Saturday, 9 March 2019

purrr magic!

Used purrr::pmap for the first time and it's brilliant! 

Run the same function multiple times changing a bunch of parameters, and combine all the results in a single data frame. All in a single call.

Keeping code and data separate is, of course, good practice. But it can be easy to slip into mixing your code up with metadata (in this case data on where to find data and what it is). pmap makes it really easy to keep metadata separate from the code, too.

In my case, I'm pulling sets of data out of spreadsheets, where the blocks start on different rows in each sheet (don't ask!). So I just create a csv file with the parameter names on the first line, and the parameter values on the second line.

sheet,startRow,book,line
1, 53,What Might,Classics
2, 70,Runagates,Classics
3, 43,Desire,Classics
4, 45,Vocations,Classics
etc.

Read this metadata into a data frame, and then run my 'readSales' loading function, is just two lines of code:

classicSets <- read.csv(file = "data/classicSets.csv", stringsAsFactors = F)
classicSales <- pmap_dfr(classicSets, readSales)

'readSales' is just a wrapper around the excellent readxl:read_xls that cleans up my data and adds some identifying columns (book, line).

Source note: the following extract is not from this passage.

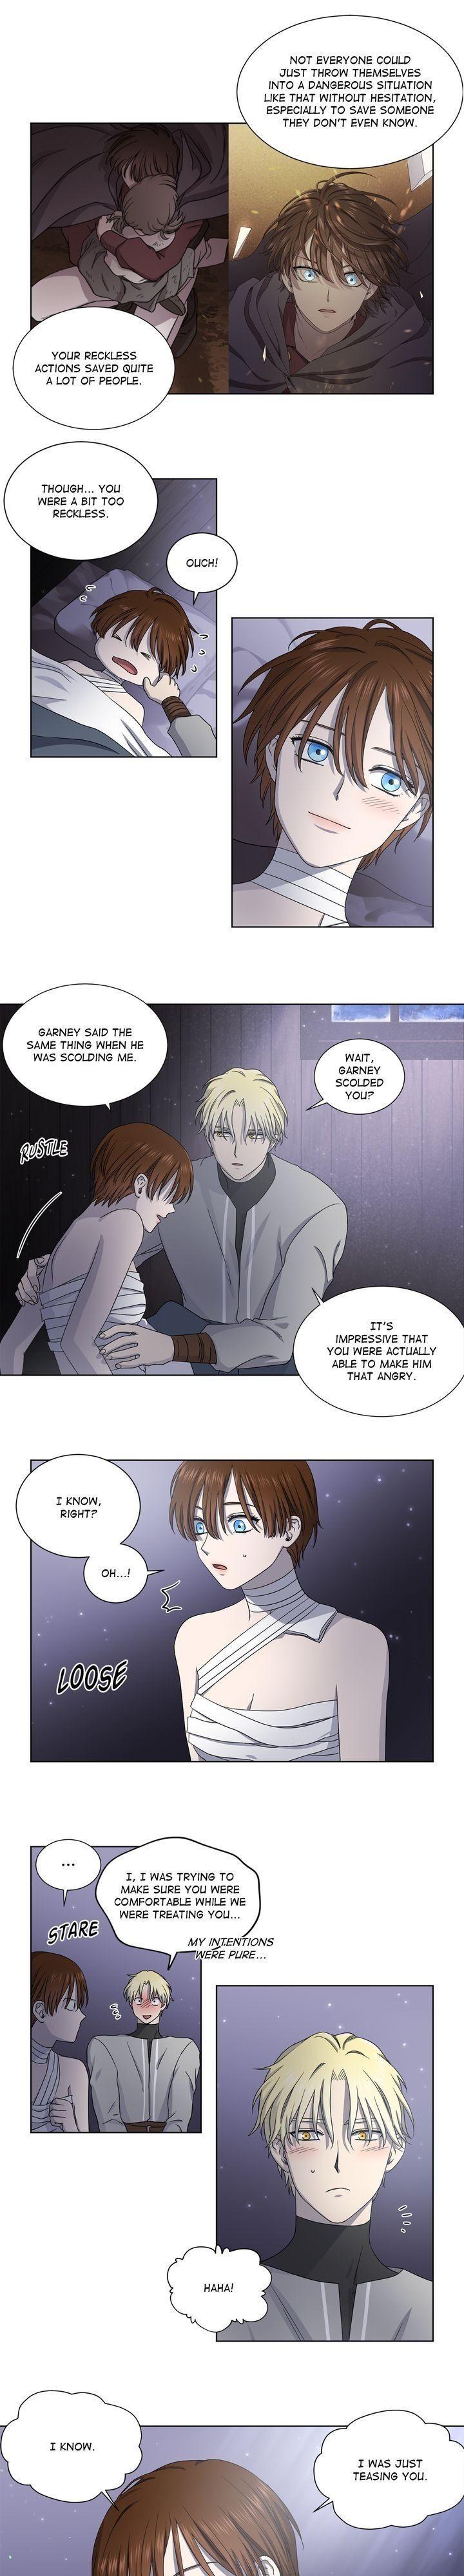 Golden Time Chapter 55 page 5 - Mangakakalots.com

And you're done.  Thanks to Hadley Wickham and Lionel Henry!

Thursday, 17 January 2019

Sustained high speeds along the Warminster Rd, Bath

In the last few posts, I was analysing number plate reader (ANPR) data from B&NES Council and BathHacked, a data activist organisation, looking at how traffic patterns might change if a clean air zone were introduced.

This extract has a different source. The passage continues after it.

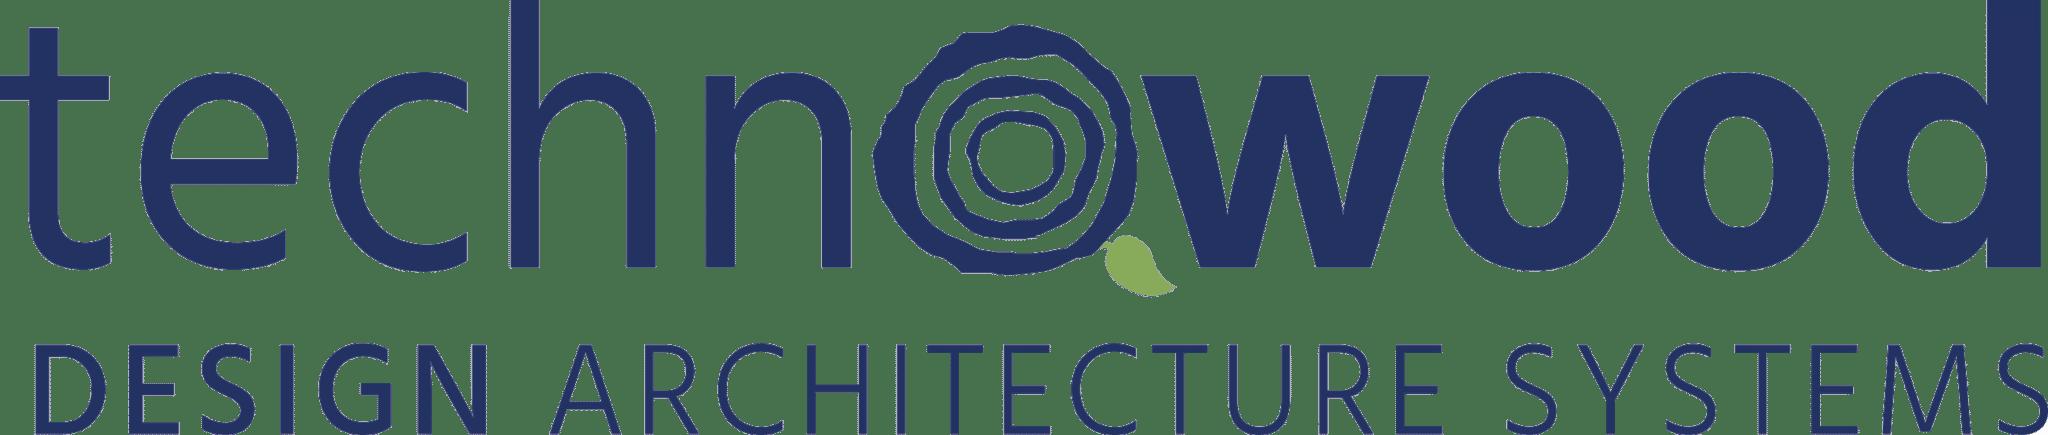 technowood Logo

I've gone off on a tangent, analysing data from just two ANPRs, a mile apart on the A36 Warminster Rd, on the outskirts of Bath. They give me average speeds for some 65,000 transits over two weeks.

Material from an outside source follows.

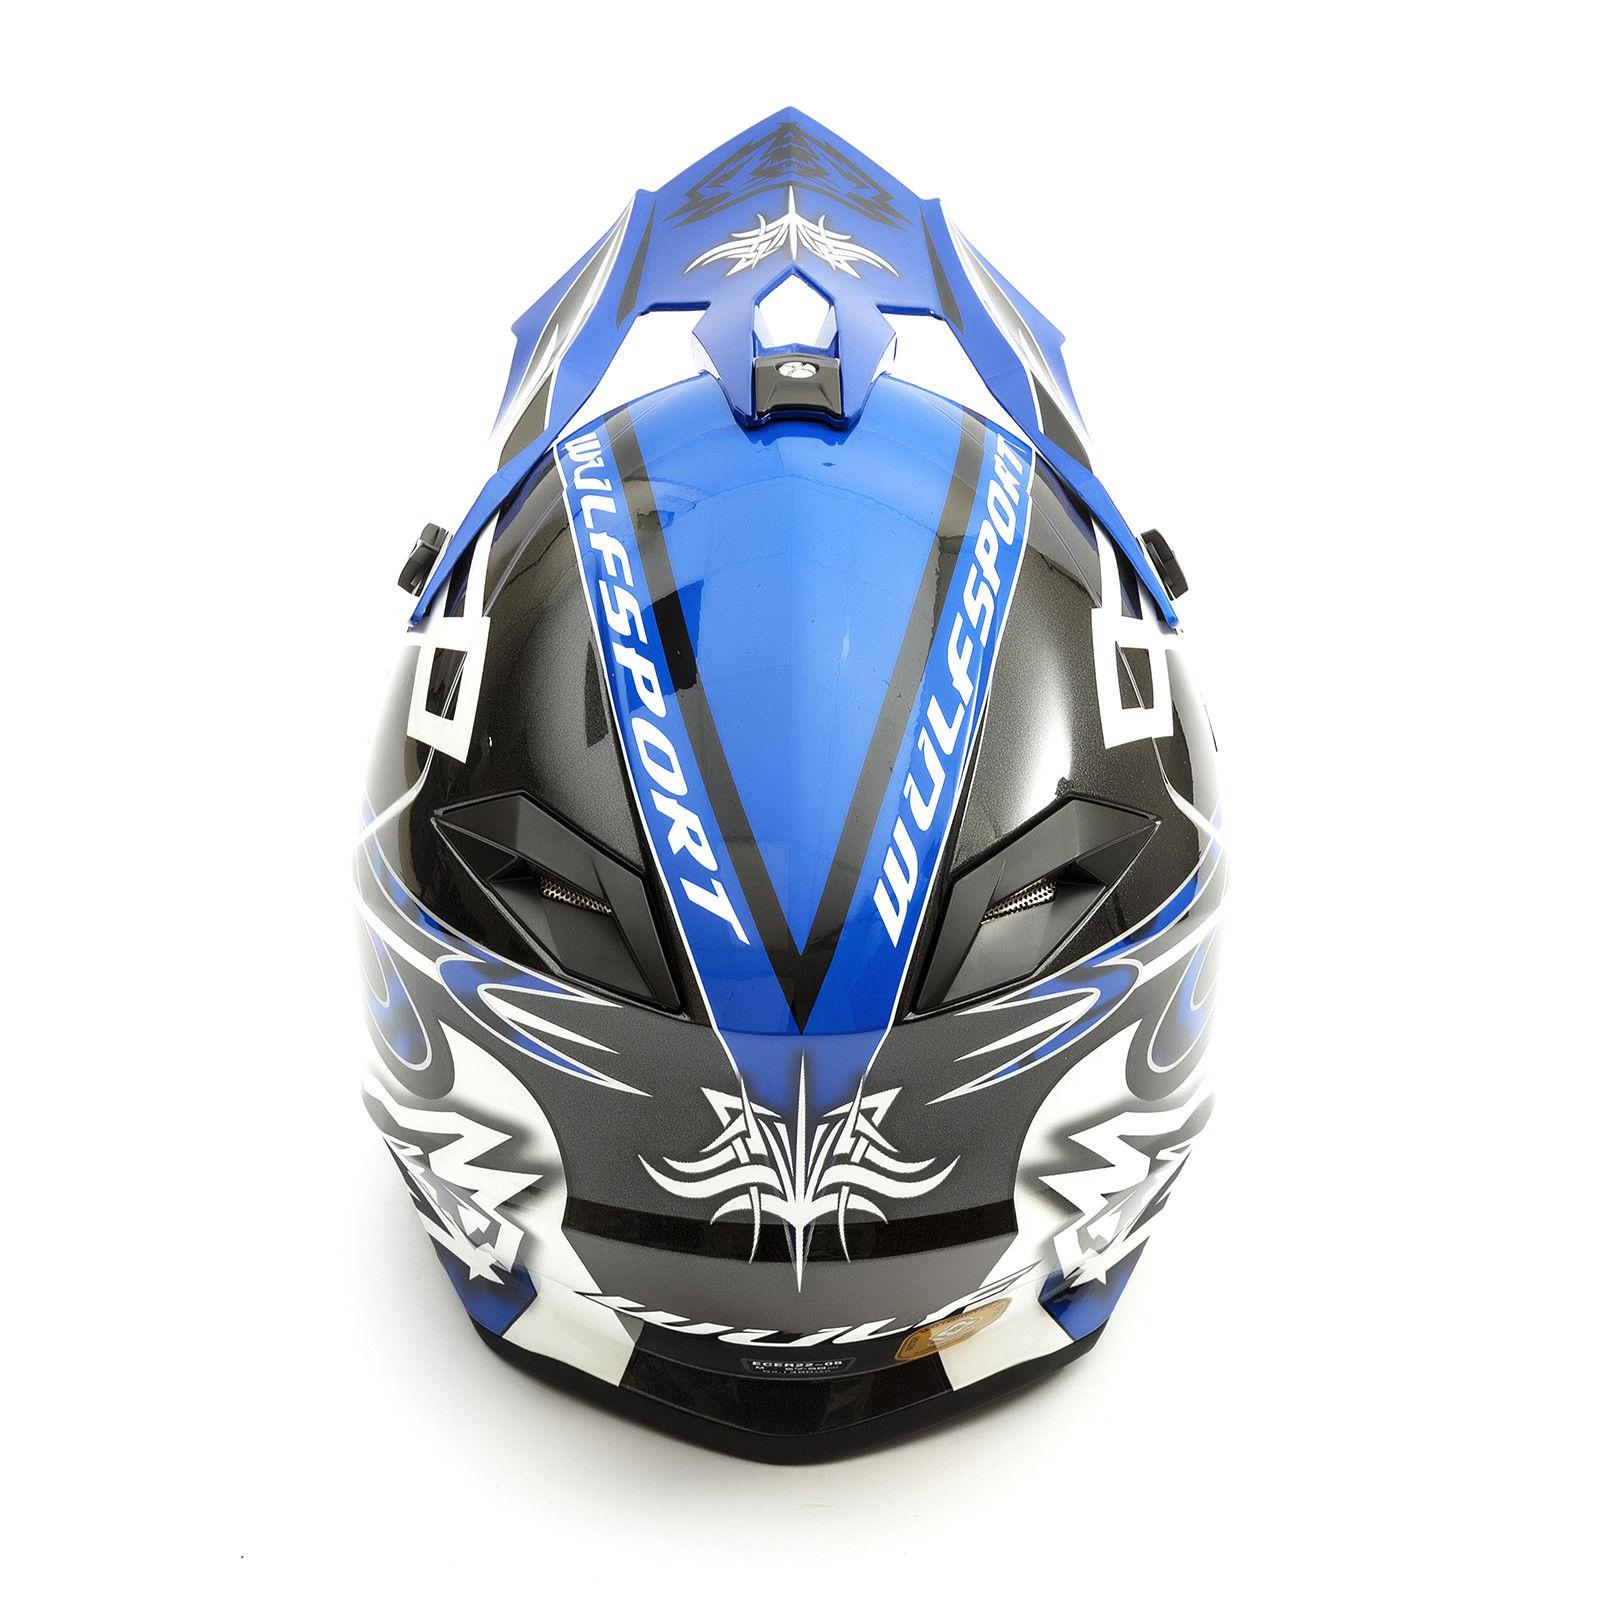 Wulfsport-Adult-Sceptre-Helmets-Motocross-Pitbike-Motorbike-Off-Road-Racing-ATV thumbnail 18
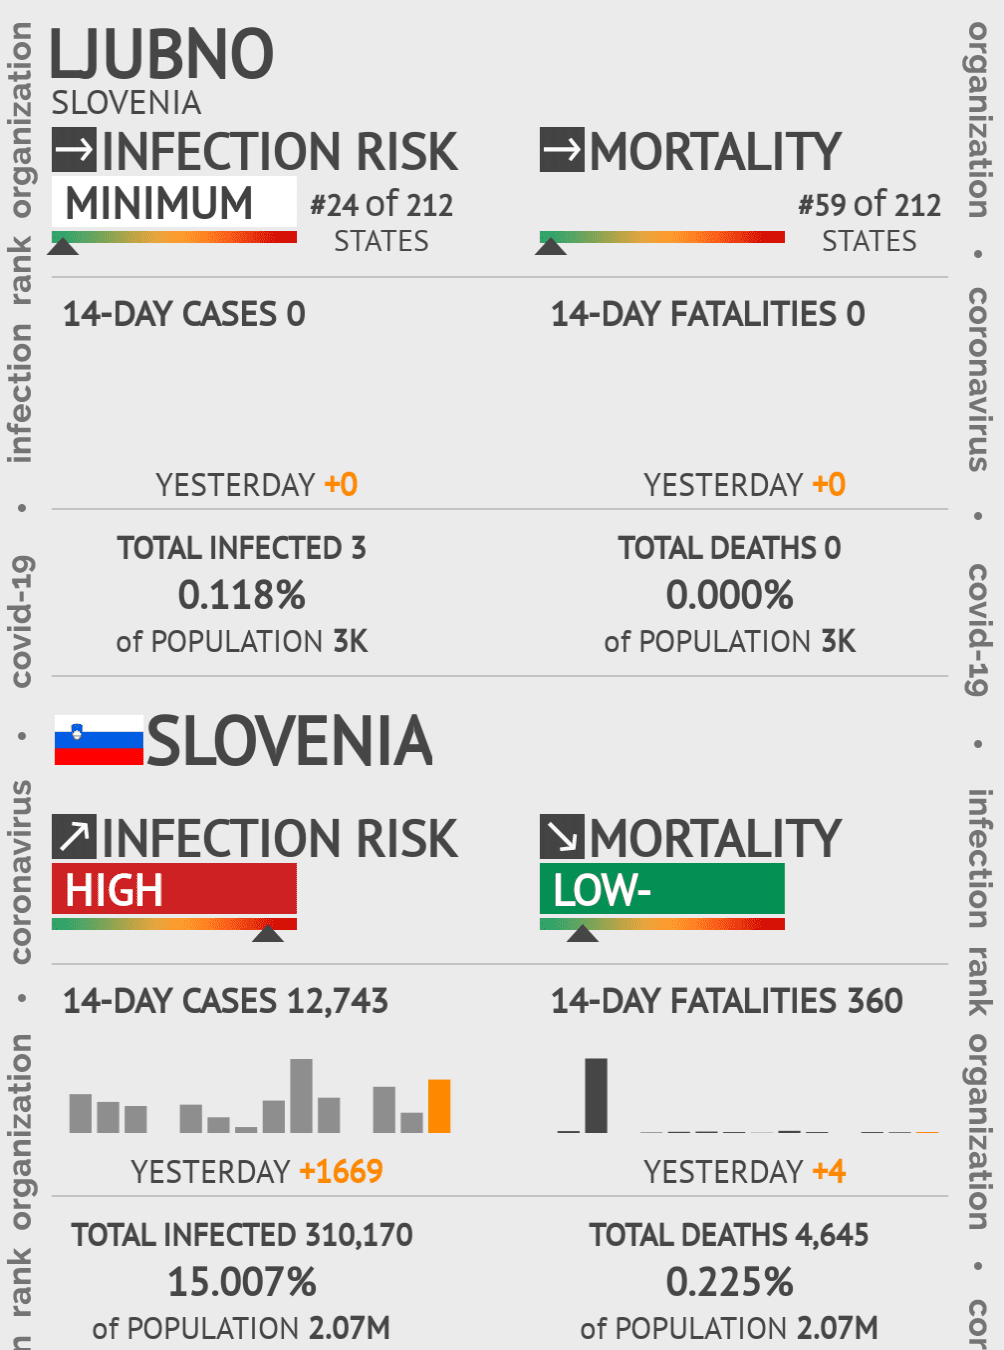 Ljubno Coronavirus Covid-19 Risk of Infection on May 14, 2020

This is a residential 30mph zone, with a straight section, blind bend and narrow hill, though perhaps you might not think that, judging from this box plot (a smaller sample of 3 days). Each dot is a vehicle along the road. The lowest speeds are where they stop or detour (I'll put a lower limit of 5mph on to eliminate these). November 8 & 9 saw a little queueing heading into town in the morning, but these were the only cases where the speeds are not clustered around 30mph. (That's "around" - little sign of a limit in these data.)

From the data, we can split vehicles into cars, light commercial (LCVs), heavy commercial (HCVs - this is a trunk route with large lorries), public-service vehicles (PSVs) and a rare few others that we'll ignore. The scary thing is that there's no sign that trucks are travelling any more slowly than cars. Only public-service vehicles are noticeably slower, given the 3 bus stops on this section. (All days of data are included here.)

In this large survey, at peak hours there were typically 40 vehicles per hour sustaining 33mph or more over the 1 mile route. The top sustained speed was over 60mph, and one van driver managed to get 3 times into the top 20, each time doing more than 50mph.


Definitely some room for improving safety here.


Code is available on github, data from BathHacked.org.